#### [INPUT]
━━━━━━━━━━━━━━━━━━━━━━━━━━━━━━

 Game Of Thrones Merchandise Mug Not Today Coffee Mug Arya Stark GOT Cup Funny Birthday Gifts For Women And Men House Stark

━━━━━━━━━━━━━━━━━━━━━━━━━━━━━━

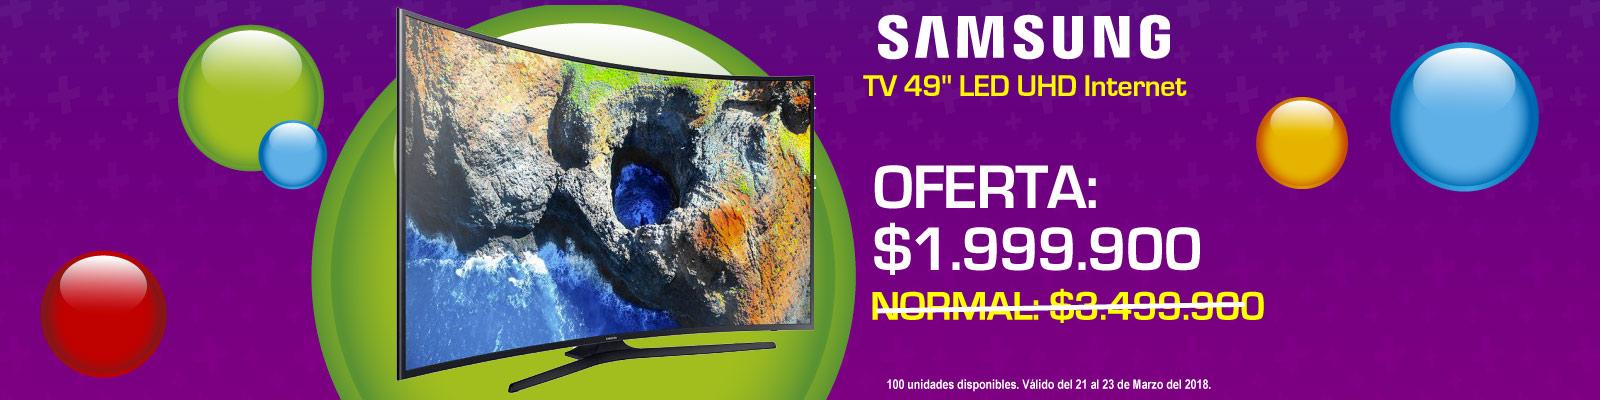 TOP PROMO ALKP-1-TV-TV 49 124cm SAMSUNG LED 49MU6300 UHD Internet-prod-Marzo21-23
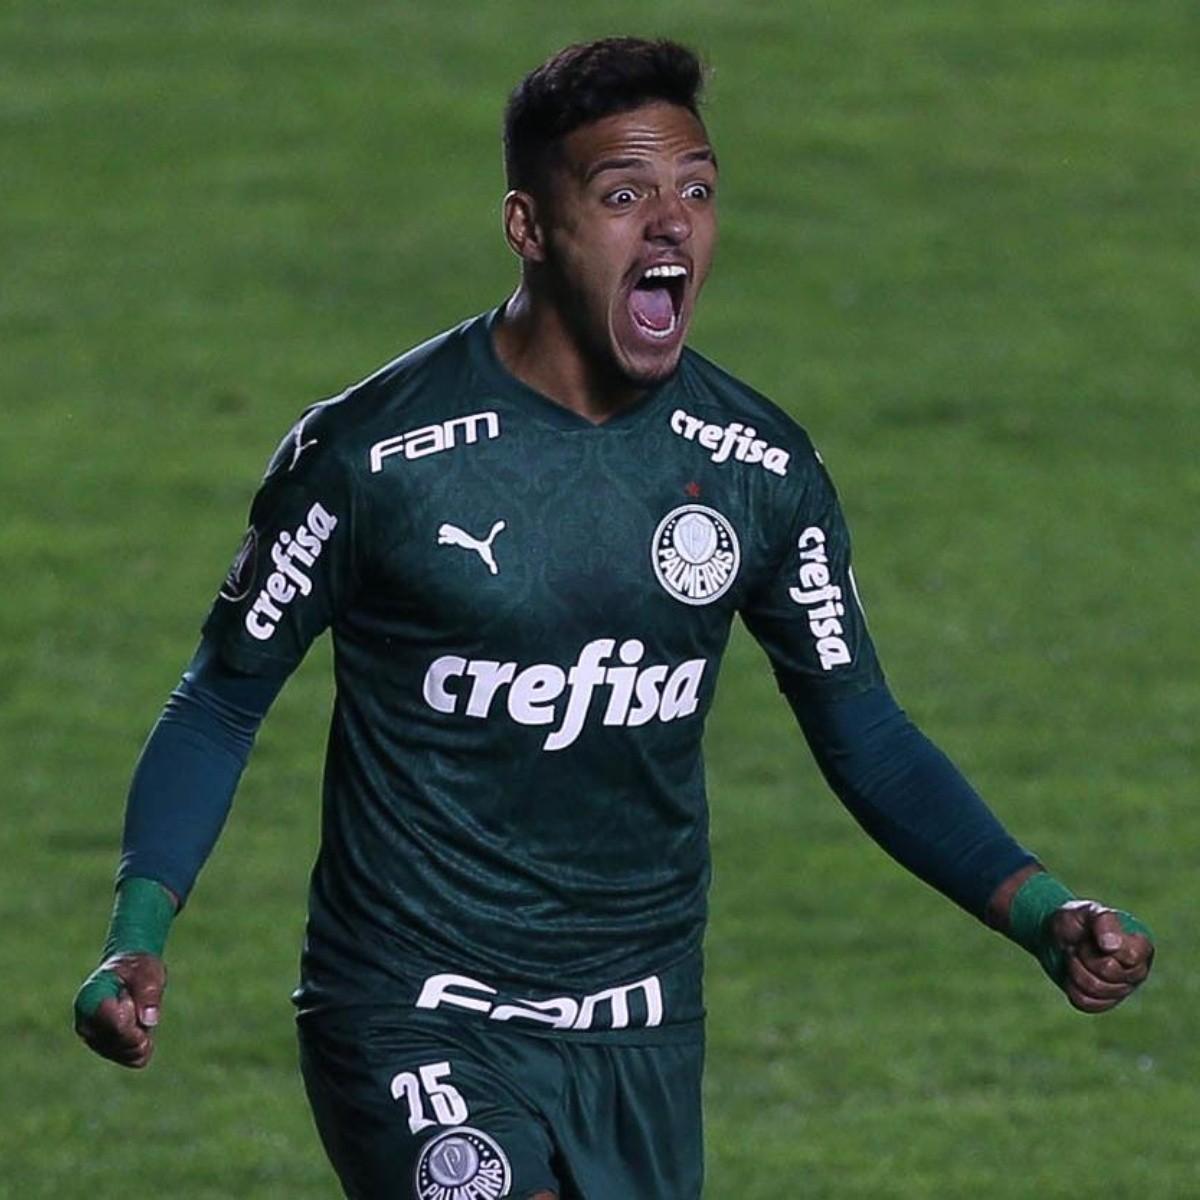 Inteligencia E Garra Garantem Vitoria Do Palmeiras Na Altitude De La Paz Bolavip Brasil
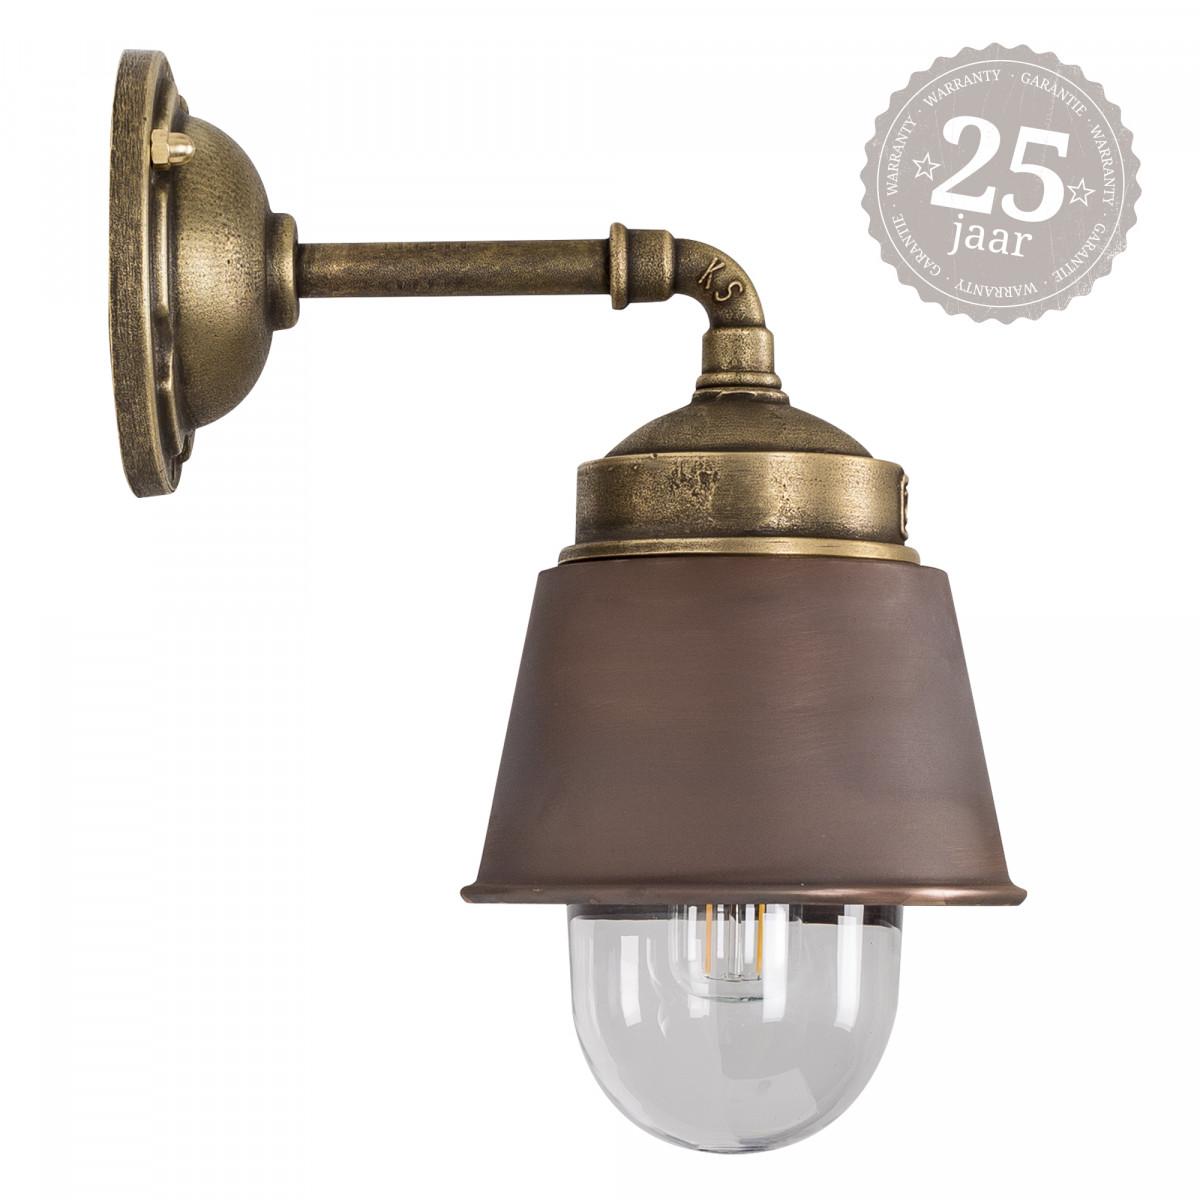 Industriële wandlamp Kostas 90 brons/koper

━━━━━━━━━━━━━━━━━━━━━━━━━━━━━━

#### [WHAT THIS TASK INVOLVES]
Leave out the images and write out the lines above exactly, from the one with "TOP PROMO ALKP-1-TV-TV" up to and including the one with "Industriële wandlamp Kostas 90 brons/koper".

#### [TASK OUTPUT]
 TOP PROMO ALKP-1-TV-TV 49 124cm SAMSUNG LED 49MU6300 UHD Internet-prod-Marzo21-23
 Inteligencia E Garra Garantem Vitoria Do Palmeiras Na Altitude De La Paz Bolavip Brasil
 Industriële wandlamp Kostas 90 brons/koper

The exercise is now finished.